= Problem to work on =
Leaving out the images, please reproduce each line below exactly.

= Information shown =
--- --- ---

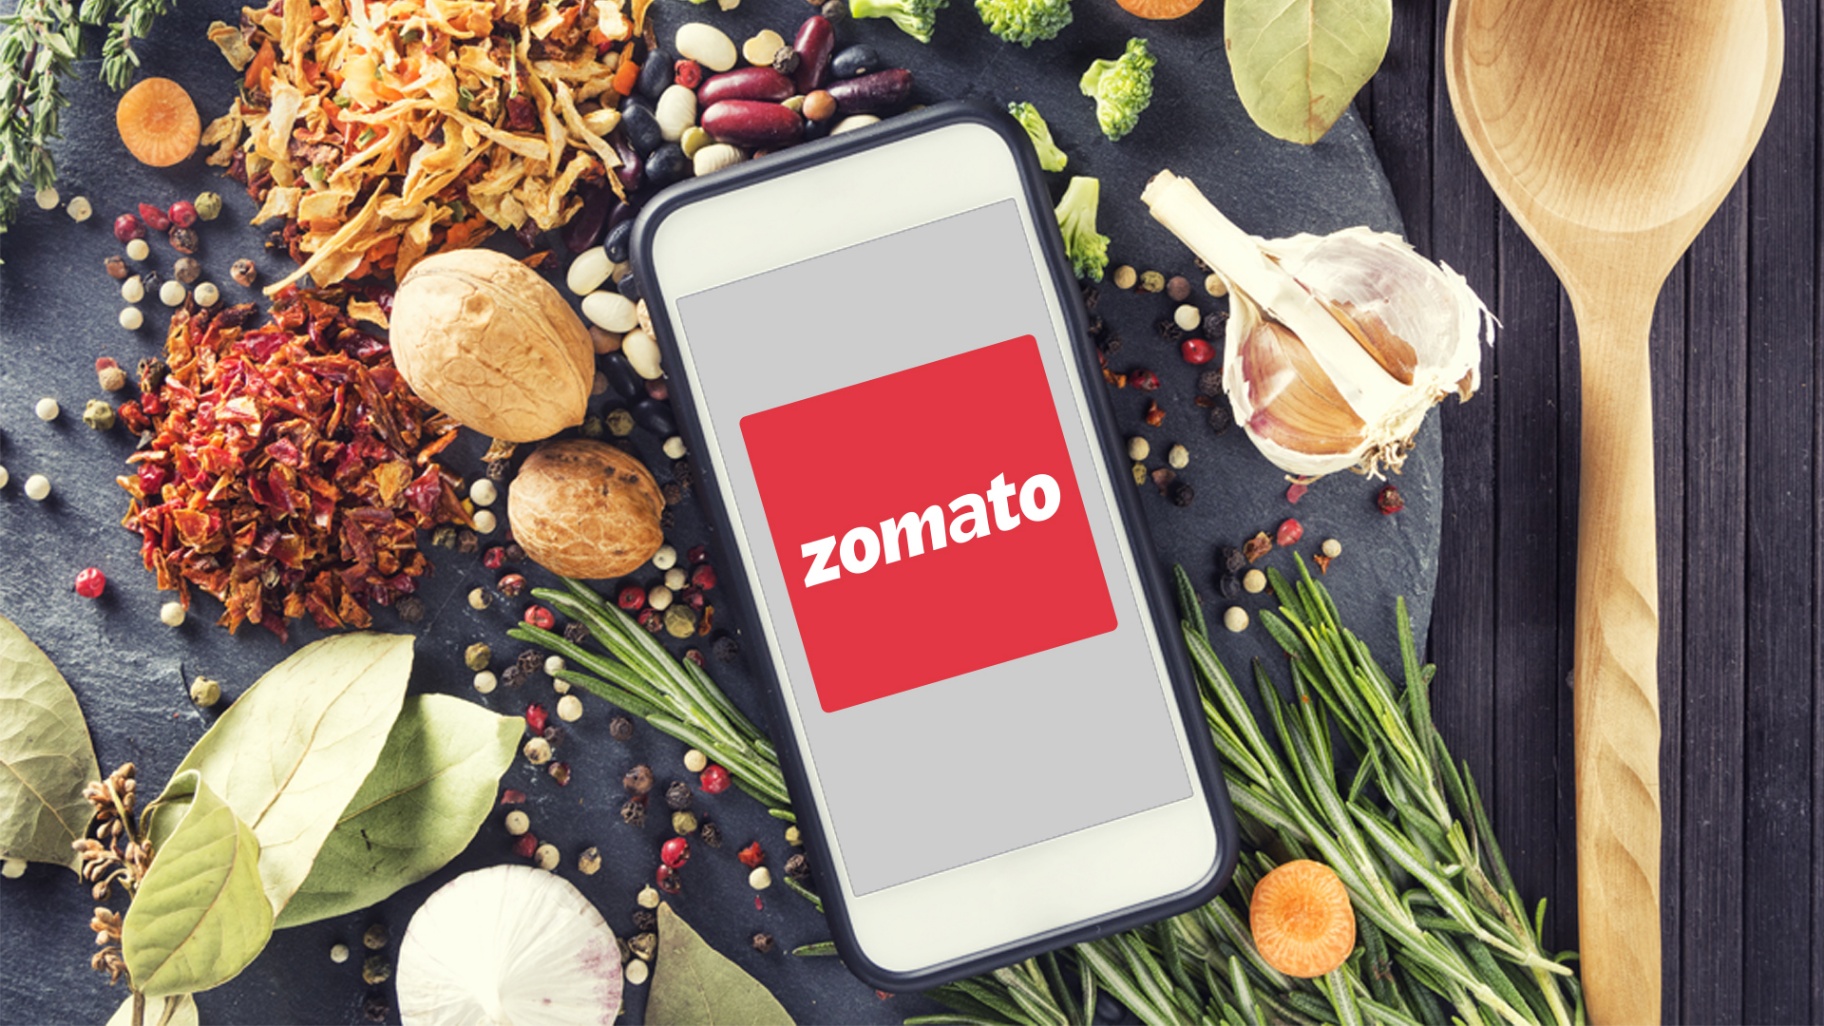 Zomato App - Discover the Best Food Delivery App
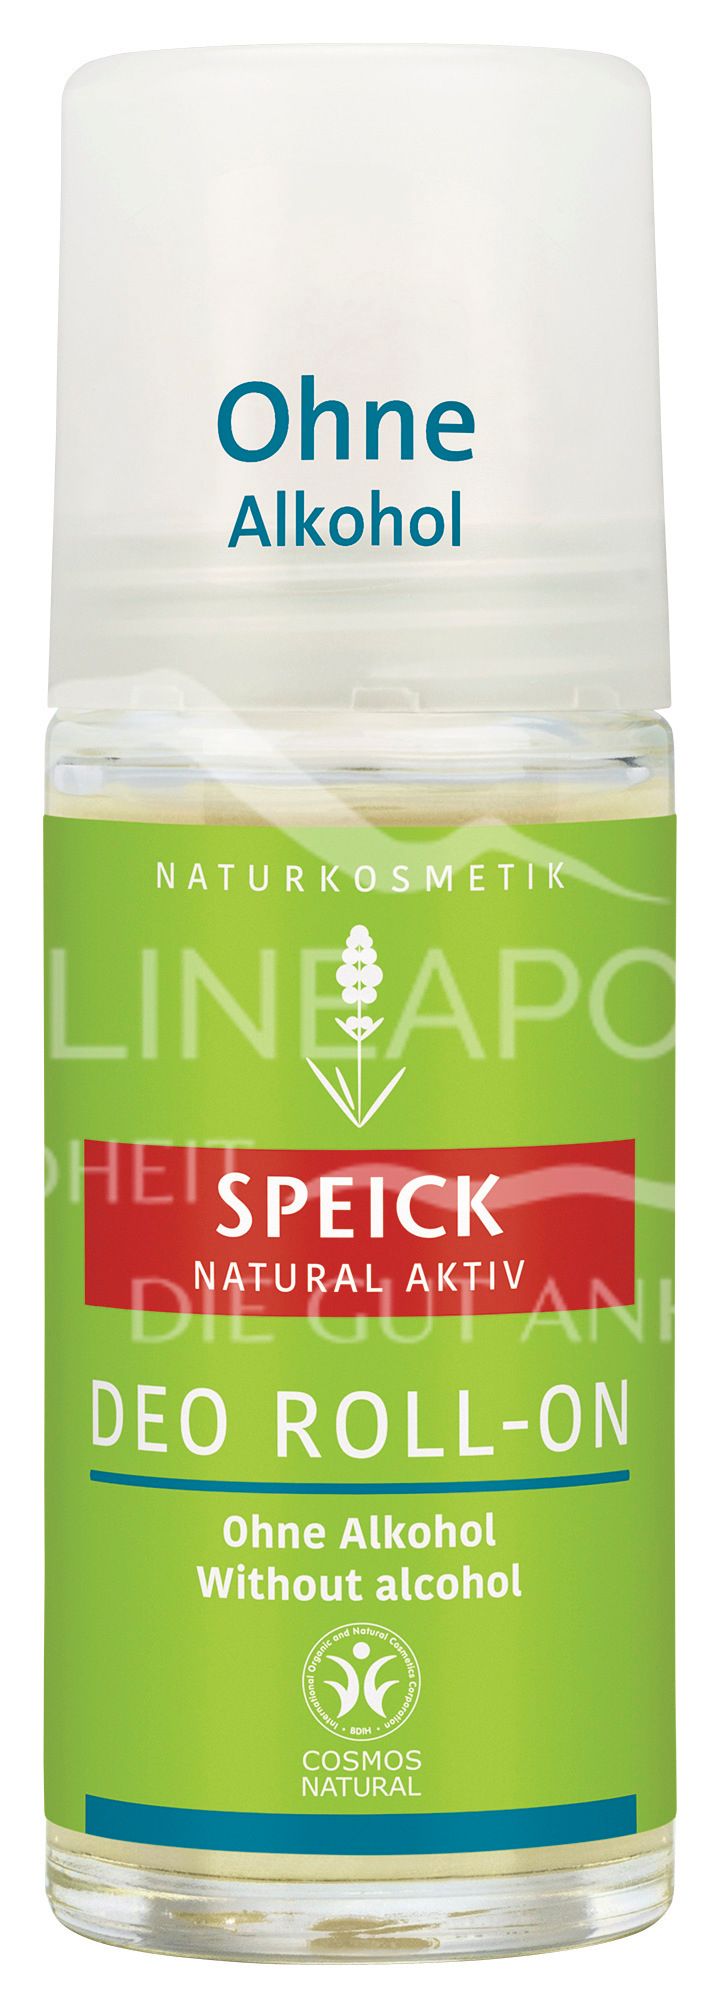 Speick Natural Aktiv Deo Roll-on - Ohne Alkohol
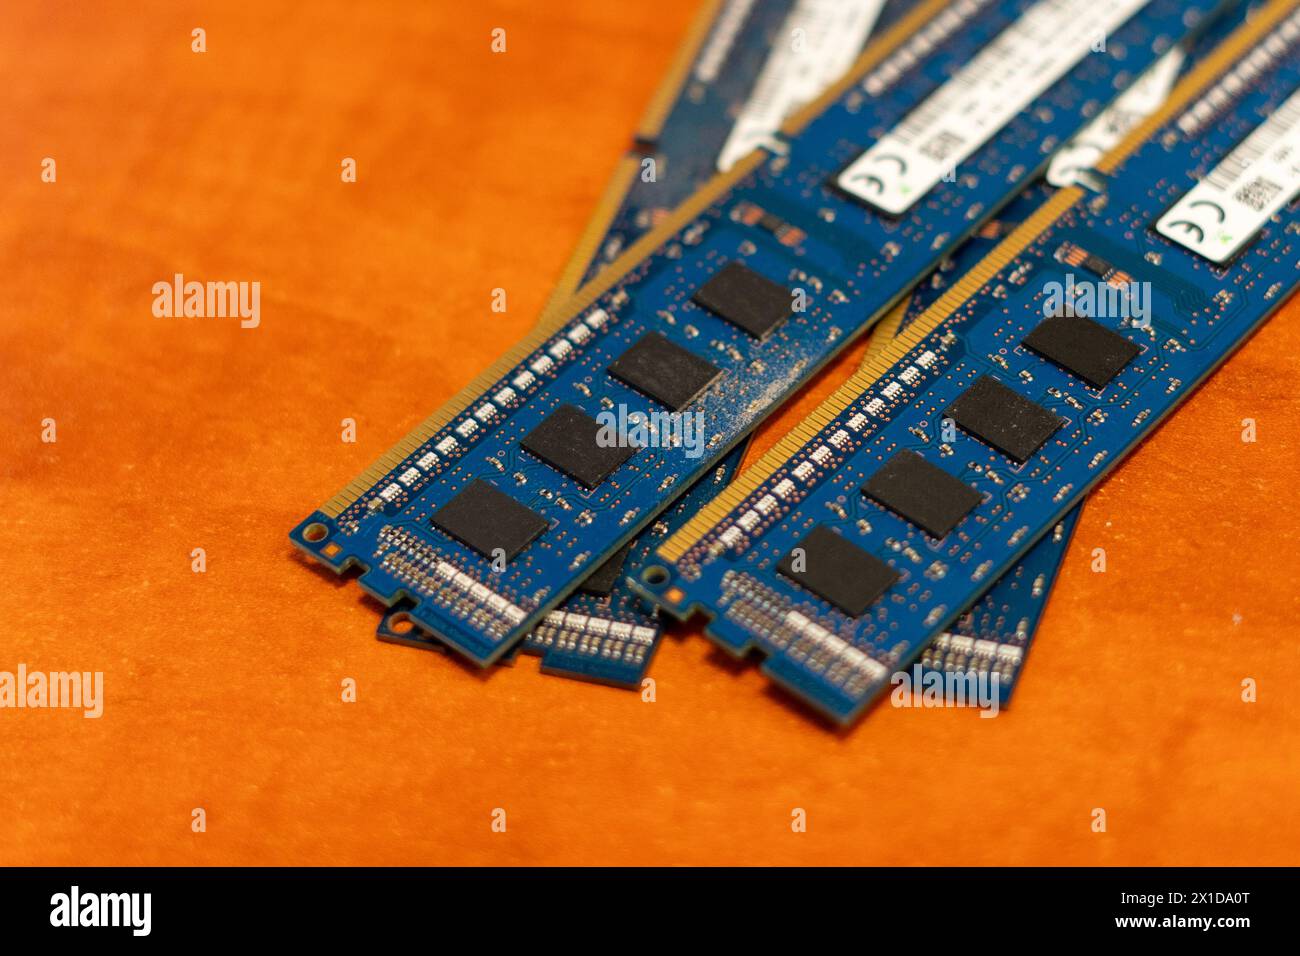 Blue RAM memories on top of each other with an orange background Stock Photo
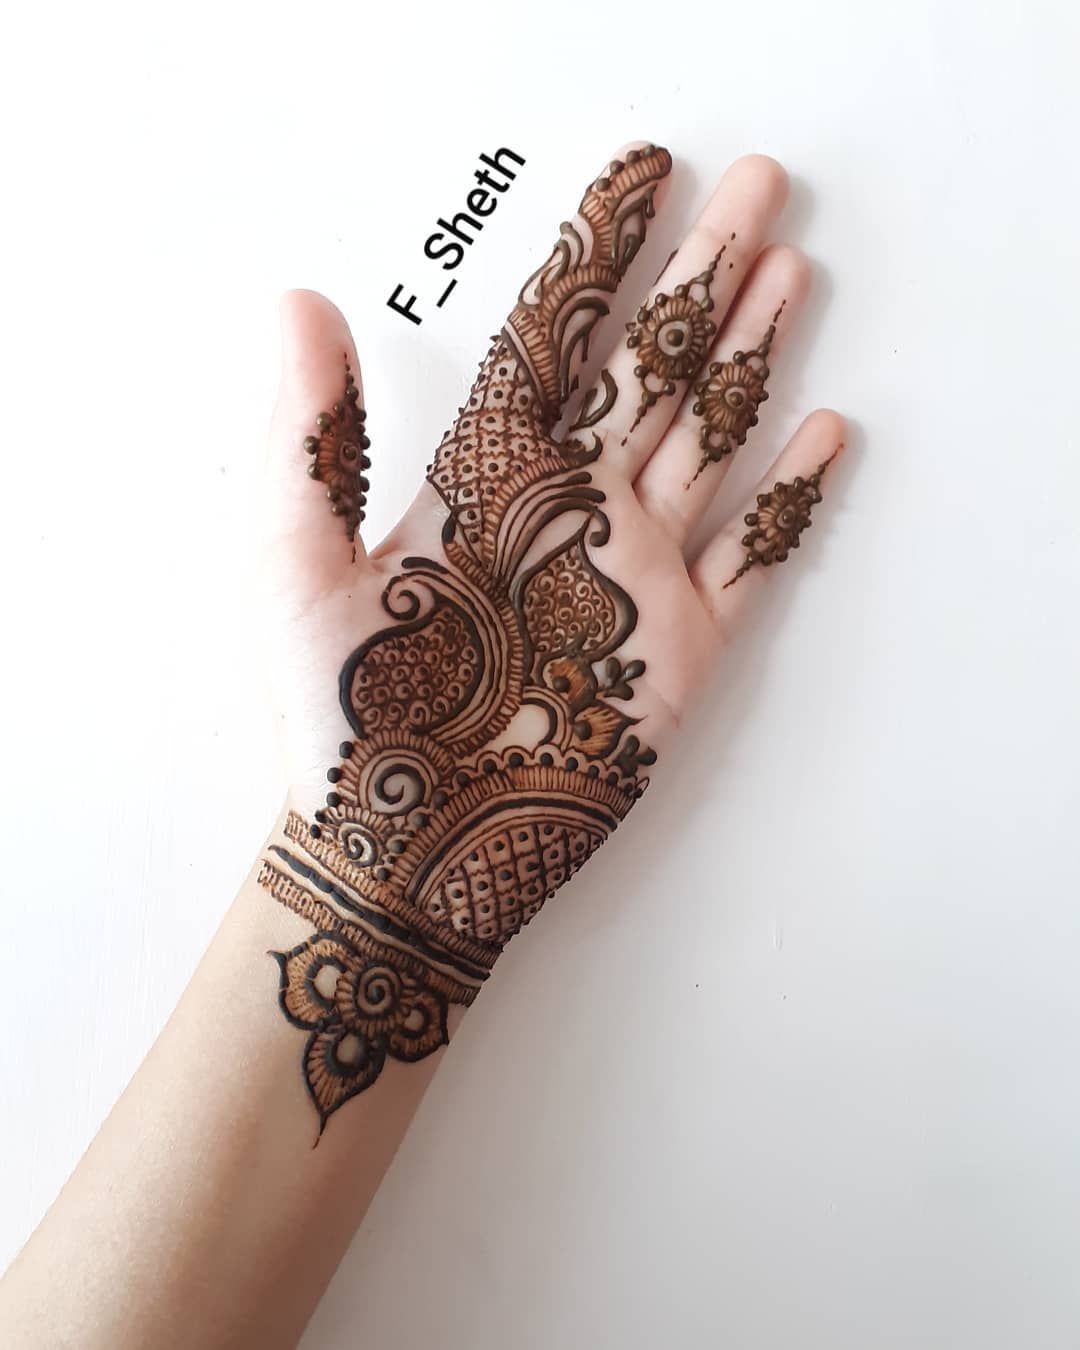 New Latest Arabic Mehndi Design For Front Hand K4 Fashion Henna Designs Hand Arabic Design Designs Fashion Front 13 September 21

--- --- ---

= Exercise output =
 Zomato App - Discover the Best Food Delivery App
 Speick Natural Aktiv Deo Roll-on - Ohne Alkohol
 Blue RAM memories on top of each other with an orange background Stock Photo
 New Latest Arabic Mehndi Design For Front Hand K4 Fashion Henna Designs Hand Arabic Design Designs Fashion Front 13 September 21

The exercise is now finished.